Supplied material -
++++++

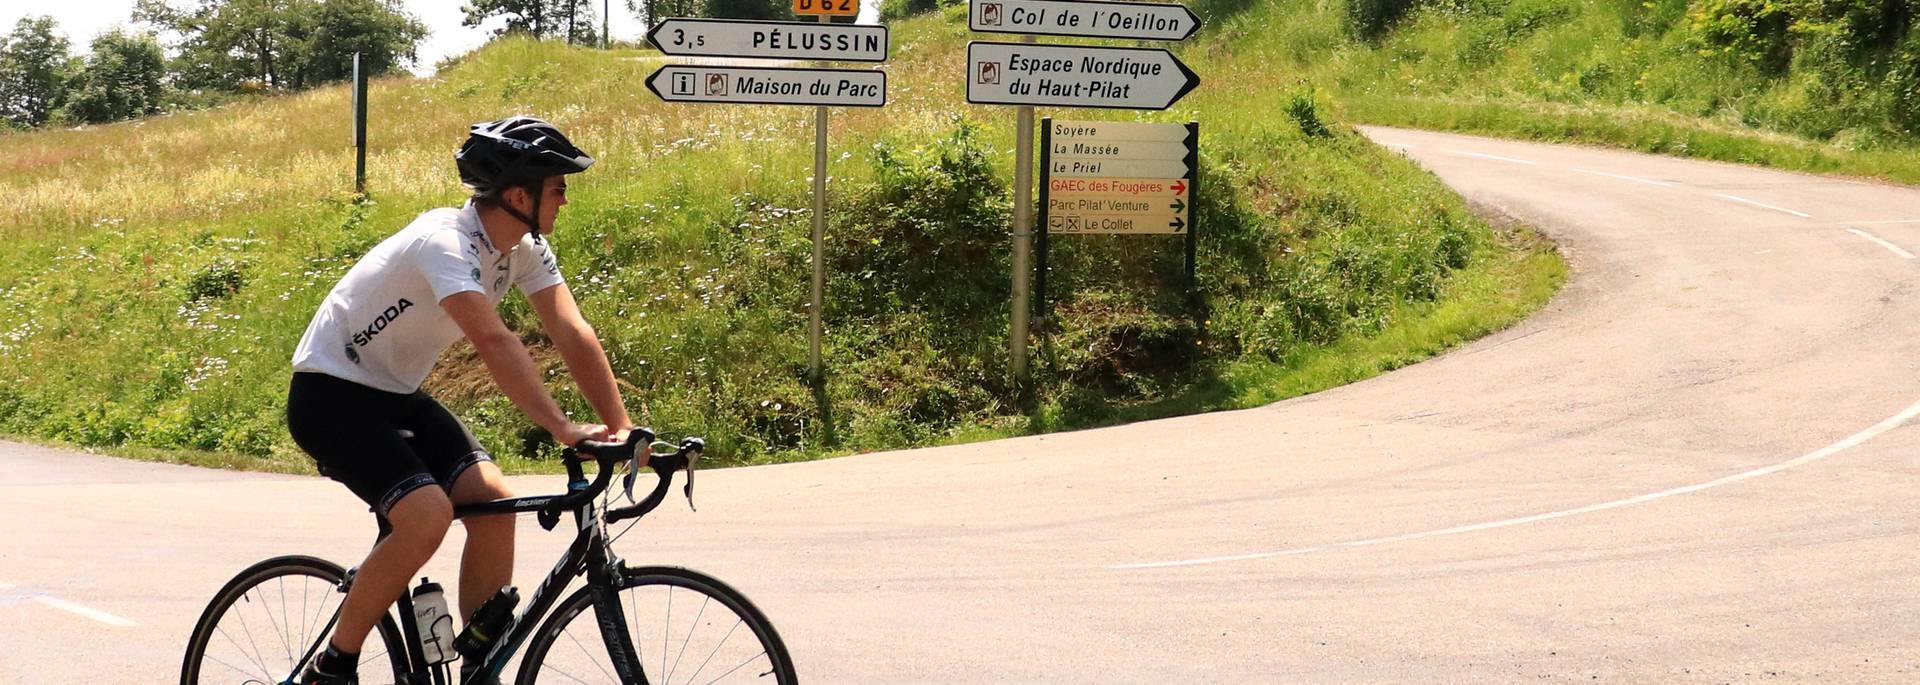 col de l'oeillon cyclisme
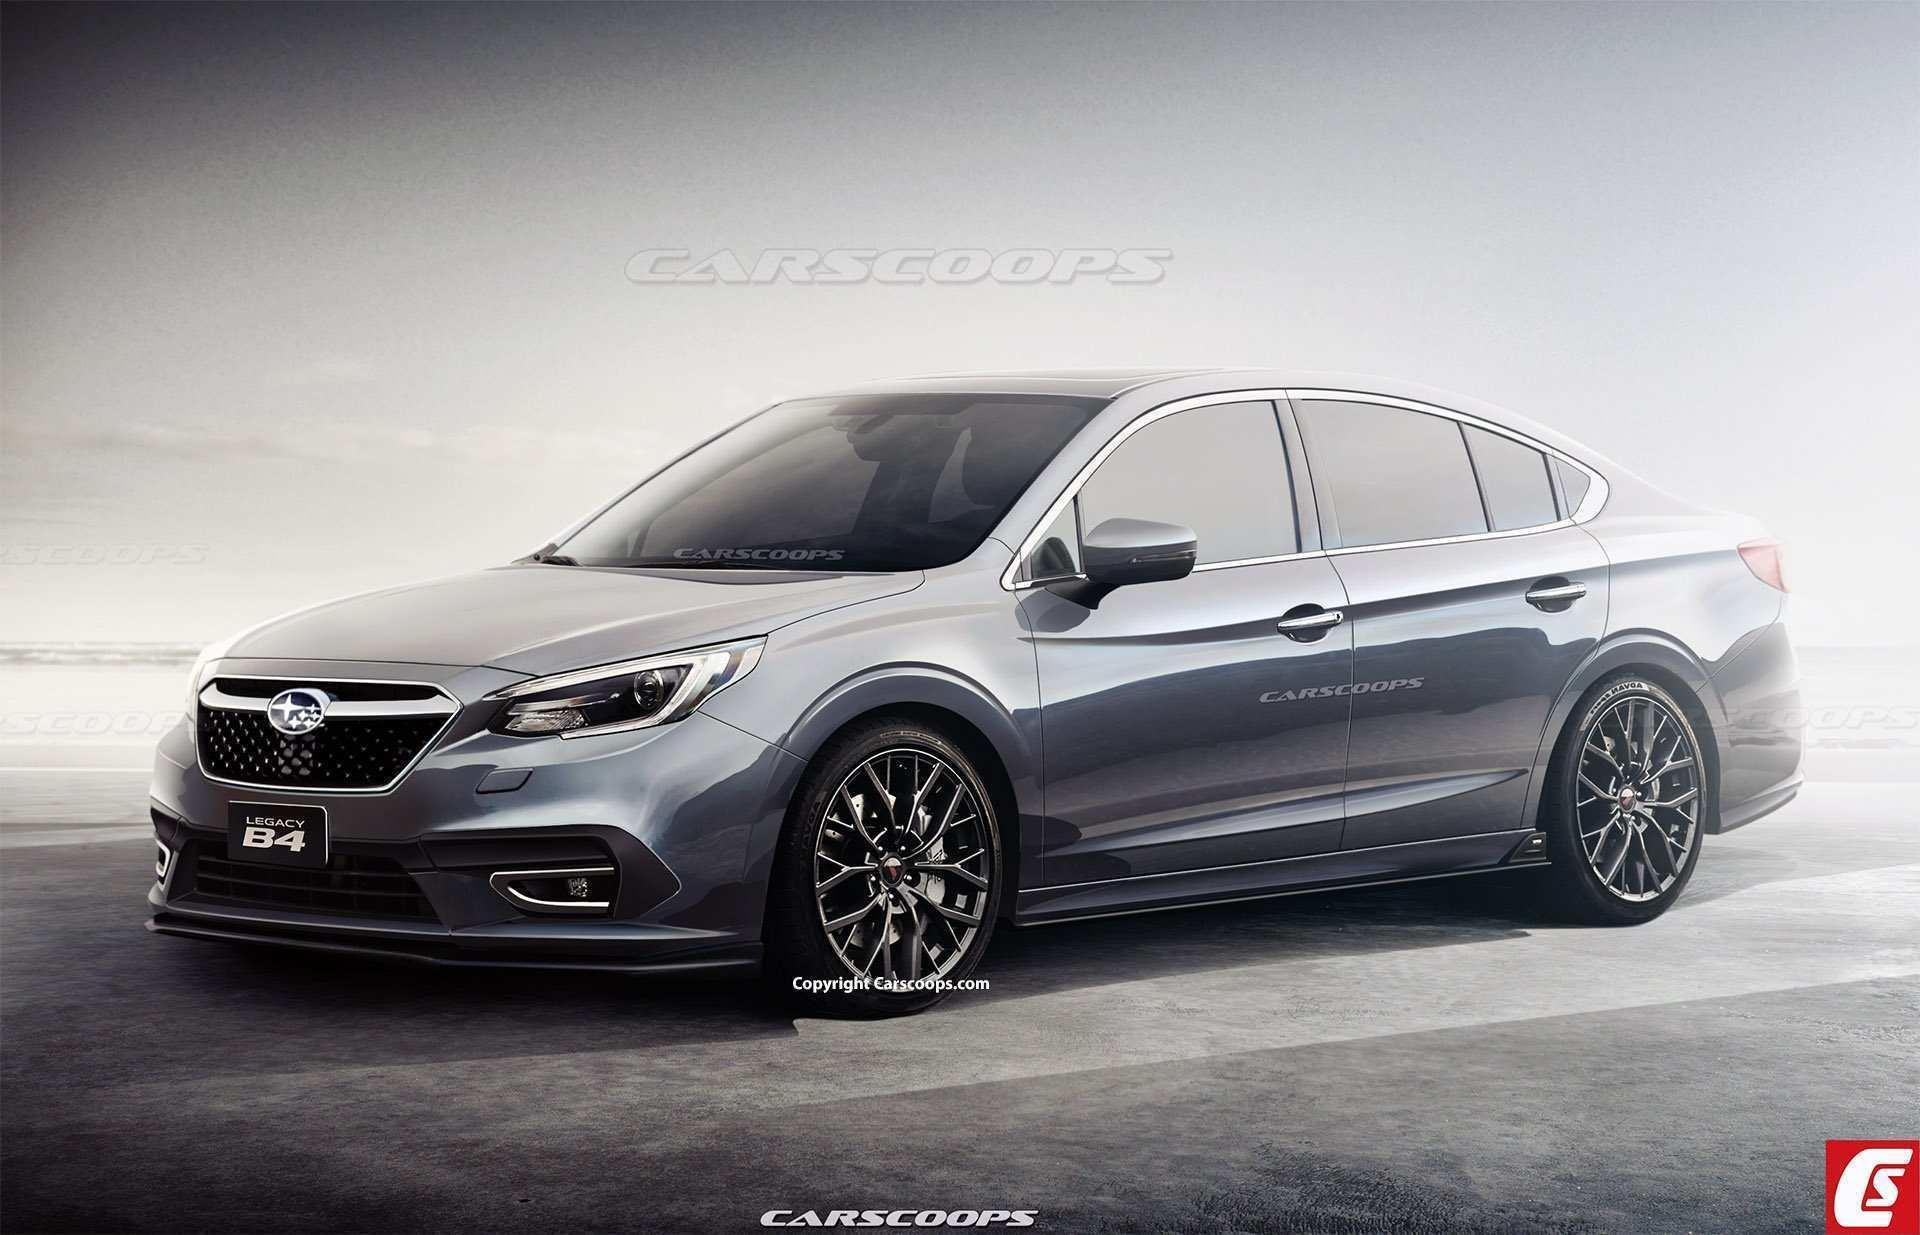 13 New 2020 Subaru Lineup Redesign by 2020 Subaru Lineup
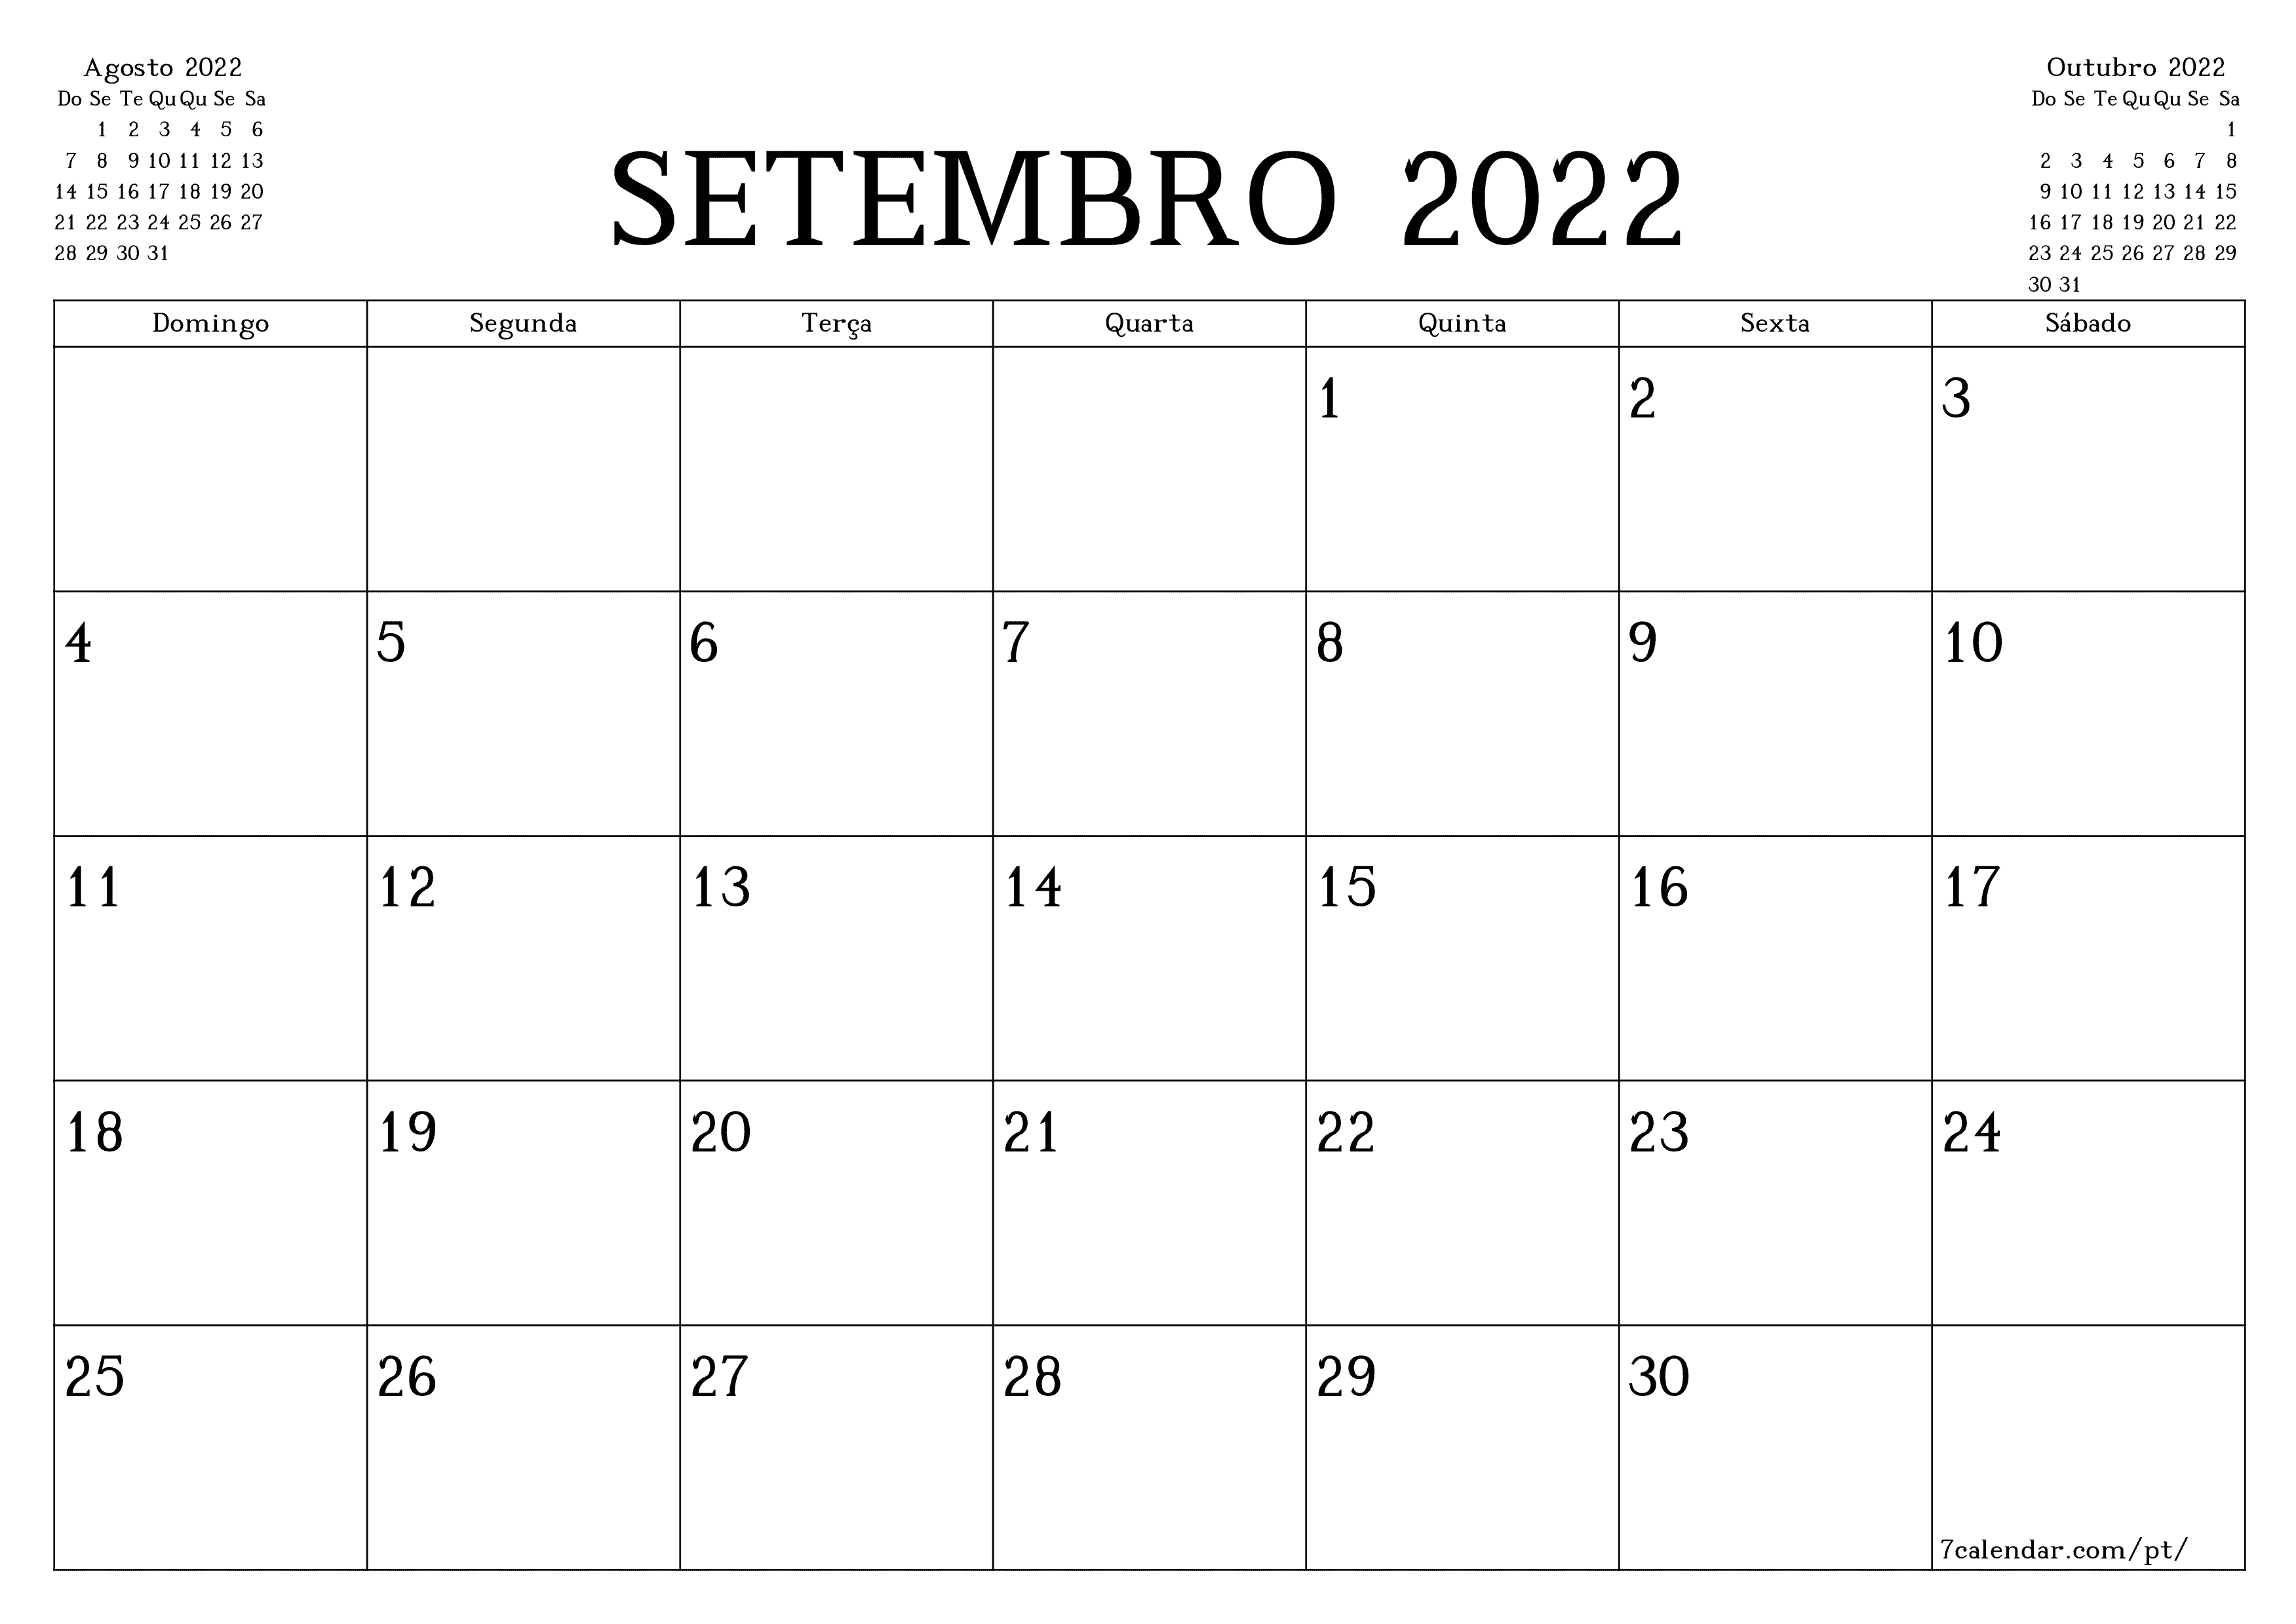 Calendarios E Planejadores Imprimiveis Para O Mes Setembro 2022 A4 A3 Para Pdf E Png 7calendar

++++++

Could you reproduce the listing above word for word while leaving out its pictures?

 col de l'oeillon cyclisme
 13 New 2020 Subaru Lineup Redesign by 2020 Subaru Lineup
 Calendarios E Planejadores Imprimiveis Para O Mes Setembro 2022 A4 A3 Para Pdf E Png 7calendar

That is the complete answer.